### Task objective
Could you print the listing again exactly, omitting the pictures?

** Available data follows **

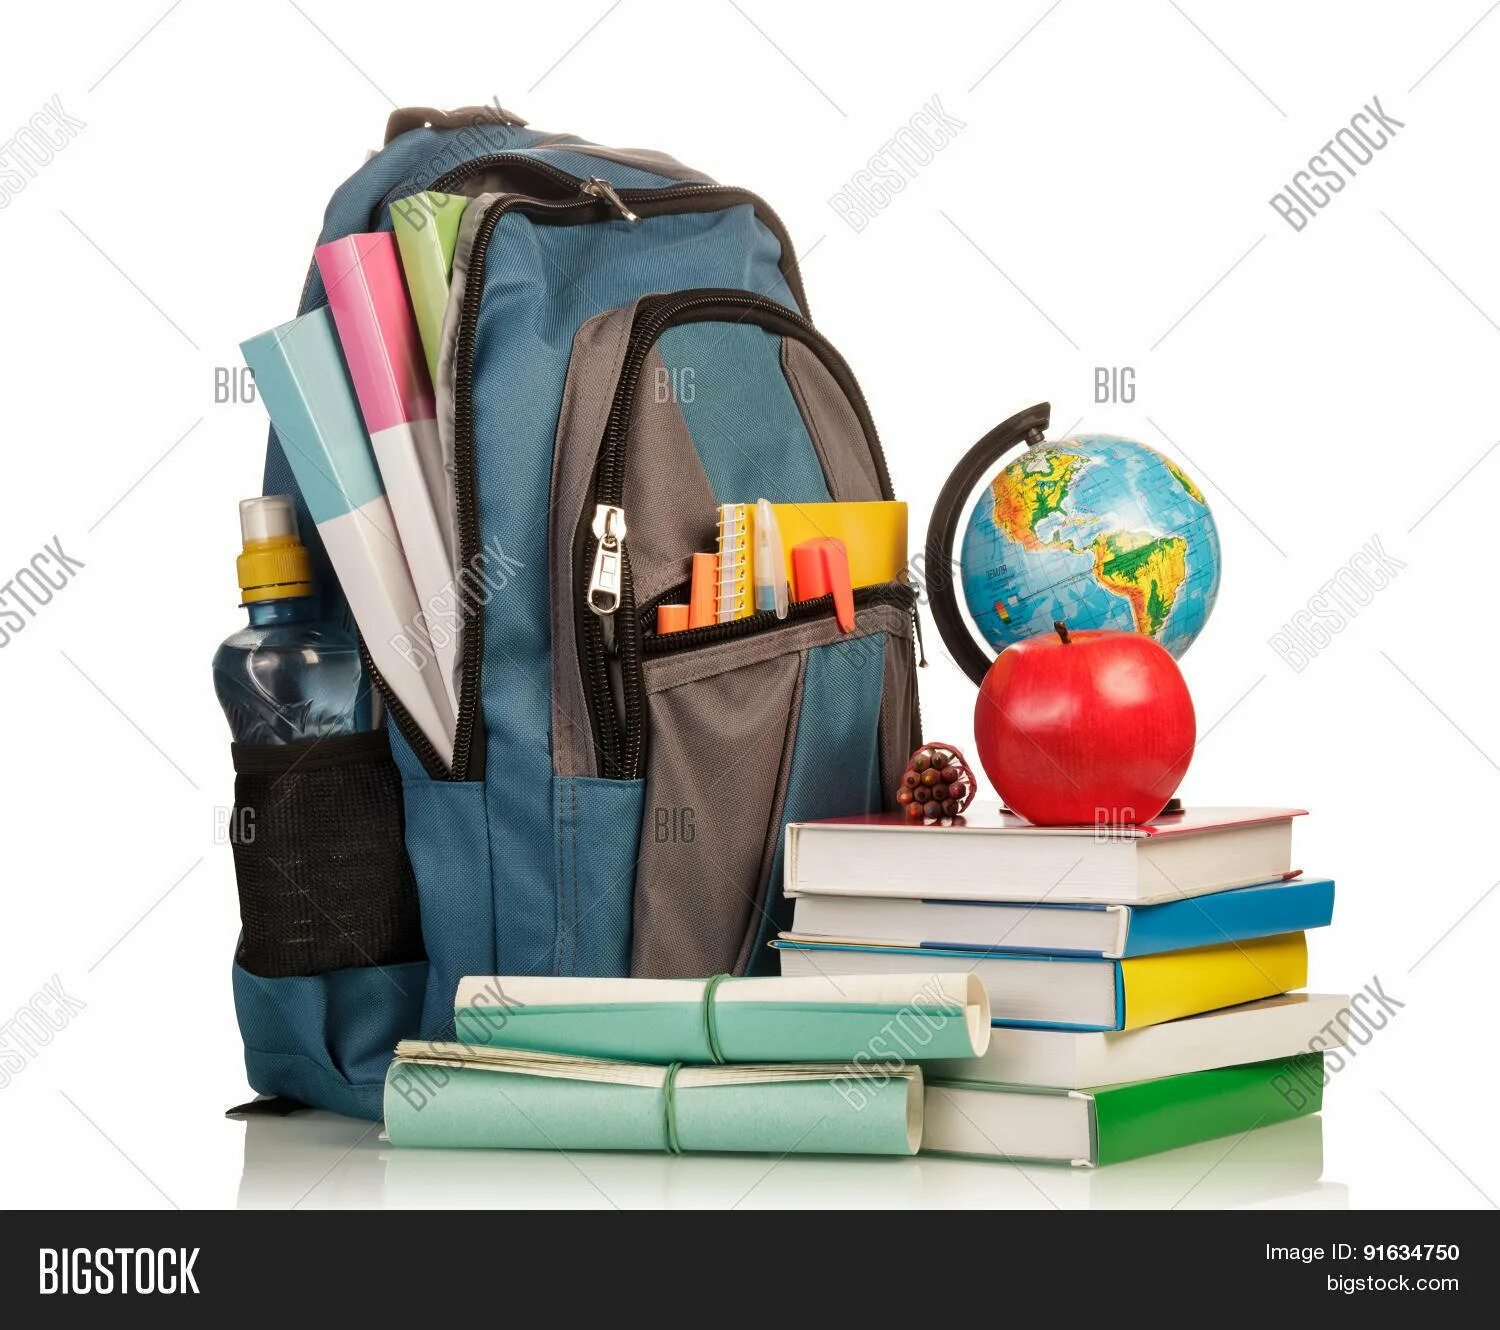 Рюкзак со школьными принадлежностями. Школьник с рюкзаком. Школьный рюкзак с учебниками. Портфель с канцтоварами. Красивее портфель хвоя средства поставь
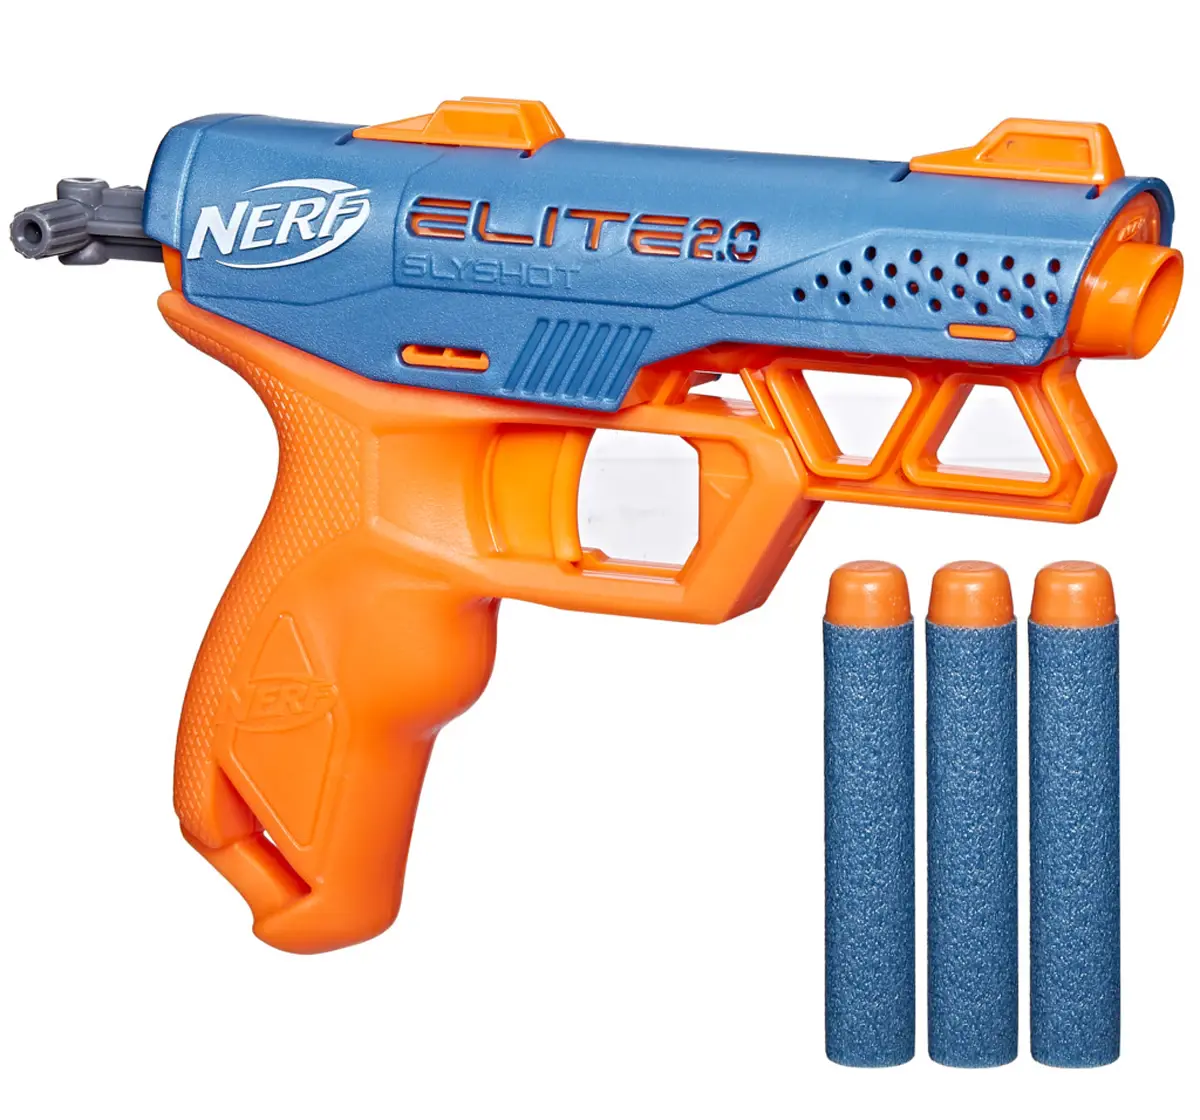 Nerf Elite 2.0 Slyshot Blaster, 2 Dart StorAge, 3 Nerf Elite Darts, Pull To Prime Handle, Toy Foam Blaster, 8Y+
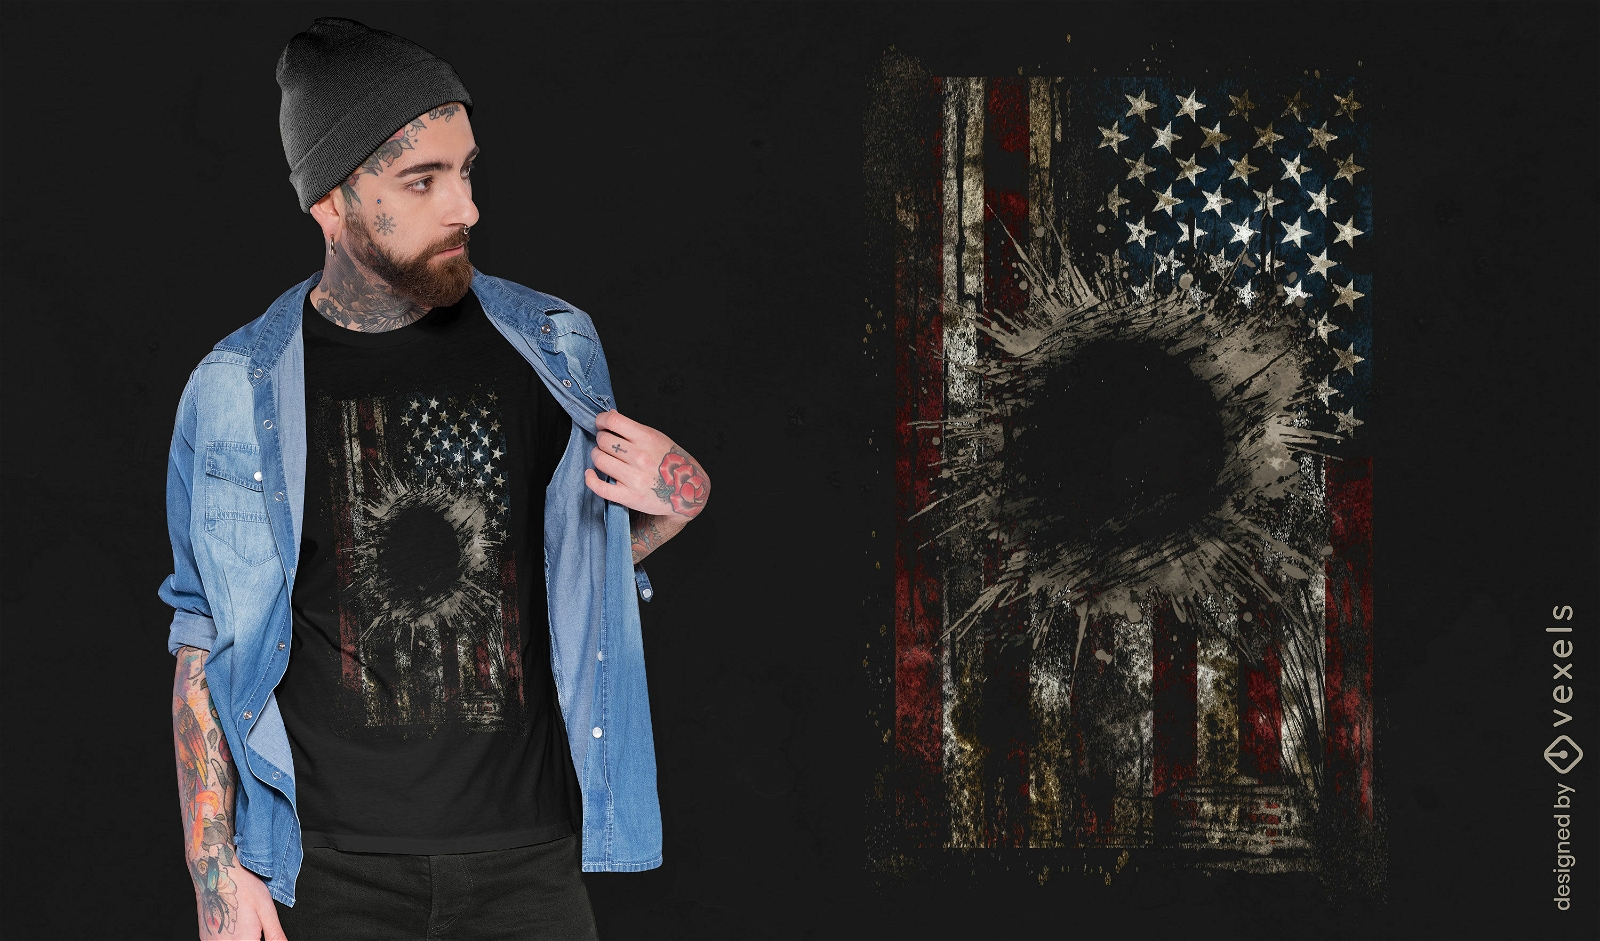 Design de camiseta grunge com explos?o da bandeira americana
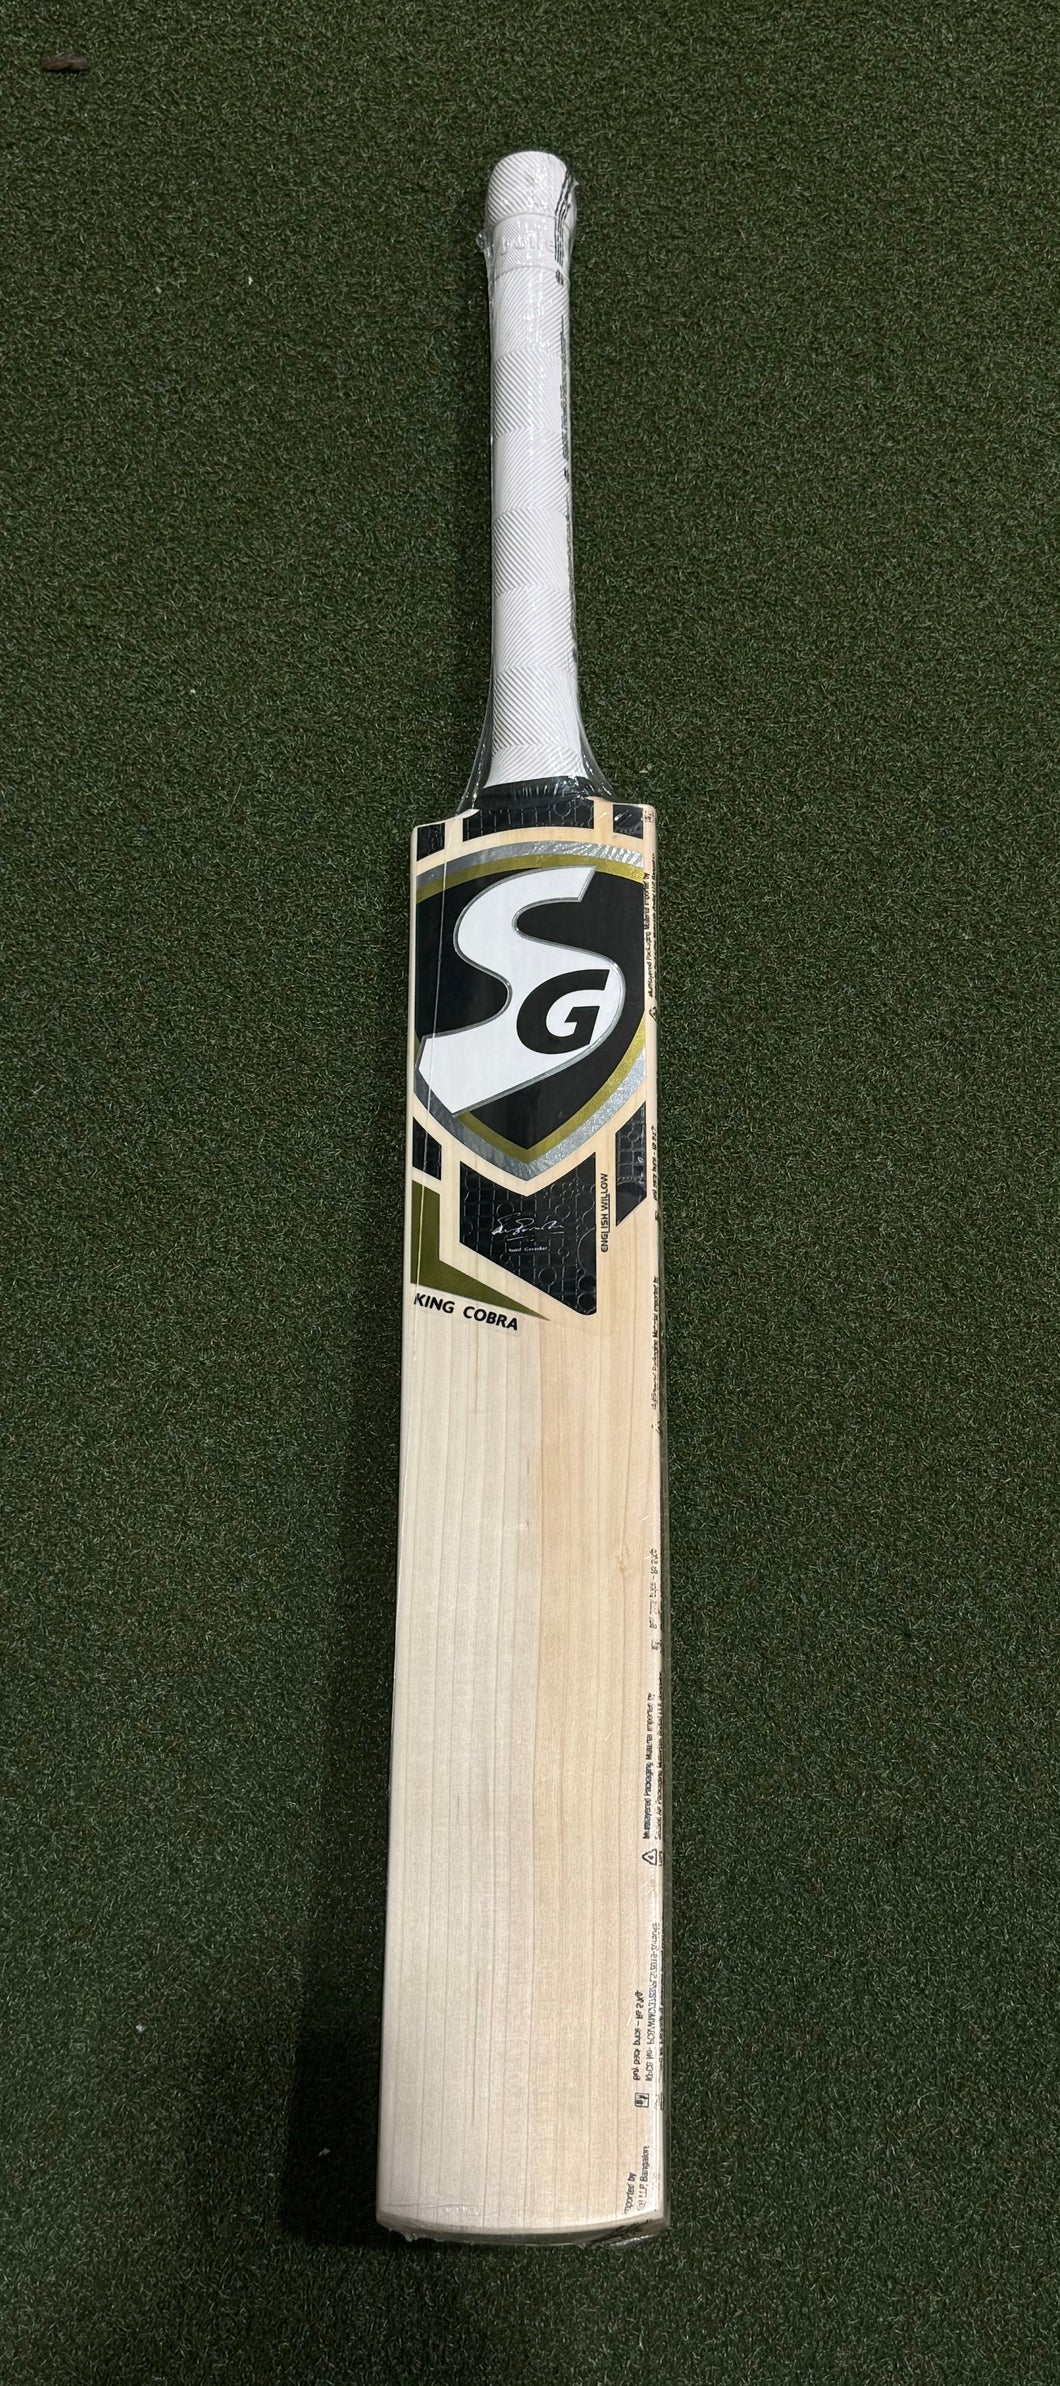 SG King Cobra English Willow bat

** End of Available data **

### Result of the task
 Рюкзак со школьными принадлежностями. Школьник с рюкзаком. Школьный рюкзак с учебниками. Портфель с канцтоварами. Красивее портфель хвоя средства поставь
 Nerf Elite 2.0 Slyshot Blaster, 2 Dart StorAge, 3 Nerf Elite Darts, Pull To Prime Handle, Toy Foam Blaster, 8Y+
 Design de camiseta grunge com explos?o da bandeira americana
 SG King Cobra English Willow bat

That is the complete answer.